The Register: Hacker research team disputes ‘hack SDMI’ results

“The SDMI (Secure Digital Music Initiative) group has announced,
despite earlier claims to the contrary, that practically all of the
447 entries to the ‘Hack SDMI’ challenge bounced off. This would
mean all in the garden was lovely, if it weren’t for the pesky
Princeton University researchers led by Edward Felten, who stoutly
maintains that SDMI is toast, and says the Princeton team will be
publishing its results by the end of the week.”

“The Princeton team entered the first stage of the challenge,
but declined to move onto phase two. The aim of the challenge had
been to test candidate watermarking and non-watermarking protection
technologies to be used in the distribution of digital music, so a
complete whitewash – as claimed by Salon, a couple of Register
sources and the Princeton team, would have been highly
embarrassing, and would have visibly set back the music industry’s
protection plans some considerable distance.”

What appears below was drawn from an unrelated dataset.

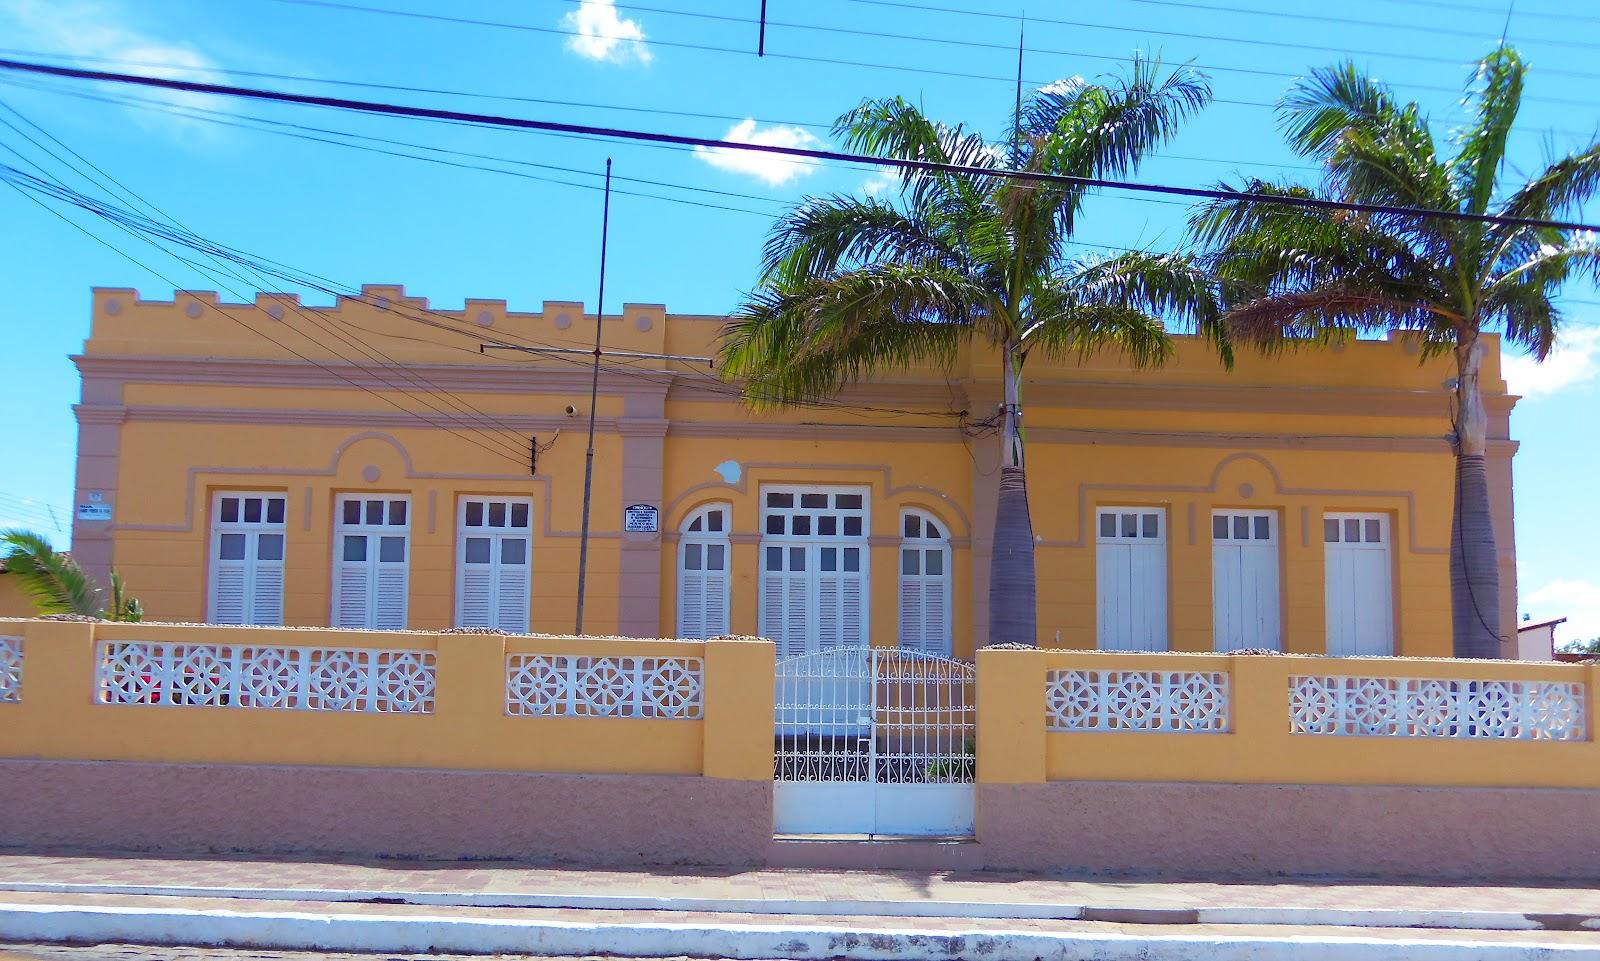 Prefeitura de Lajes RN divulga edital de concurso público com 80 vagas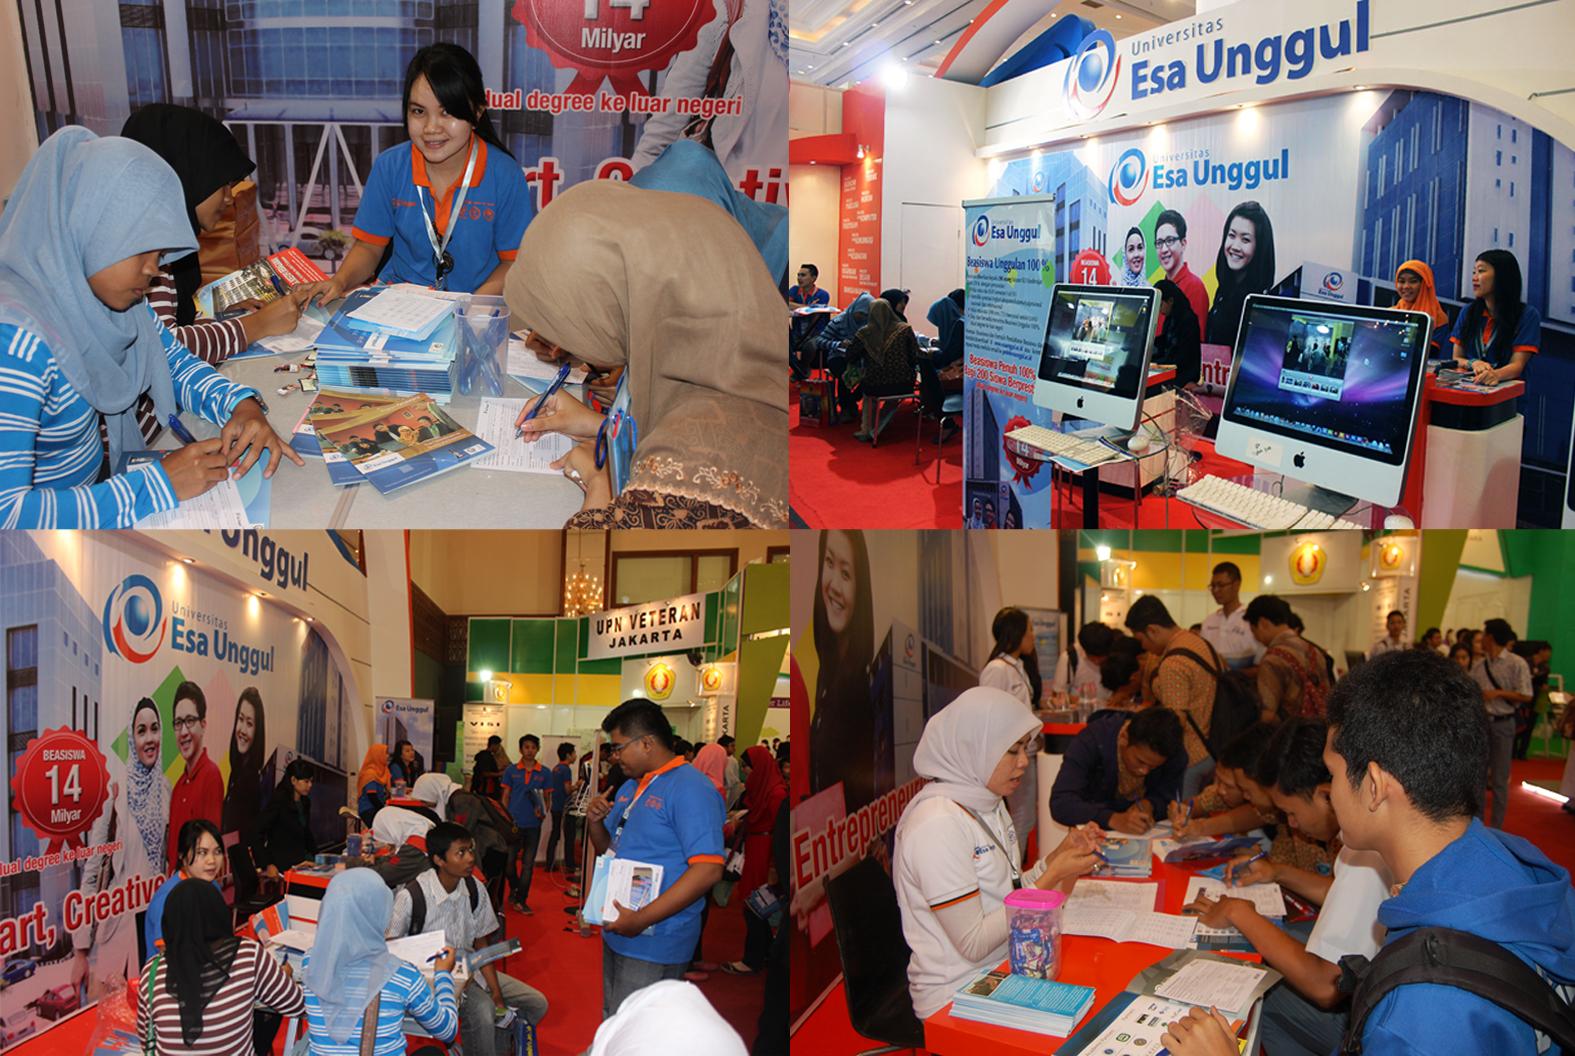 "Universitas Esa Unggul mengikuti pameran pendidikan "" EDUCATION TRAINING EXPO & INADIDAC EXPO 2014″ yang diselenggarakan di Jakarta Convention Center (JCC) pada tanggal 23 – 26 Januari 2014,"

Stage two of the challenge, as Princeton points out, was
secretive. Anybody who submitted a likely looking crack at stage
one could move on to two (and had to do so in order to stand a
chance of winning the money), but by doing so would be NDAed into
total obscurity, unable to say a thing about the hack or the
processes. By not playing, Princeton left itself free to publish
results and blow whistles as necessary.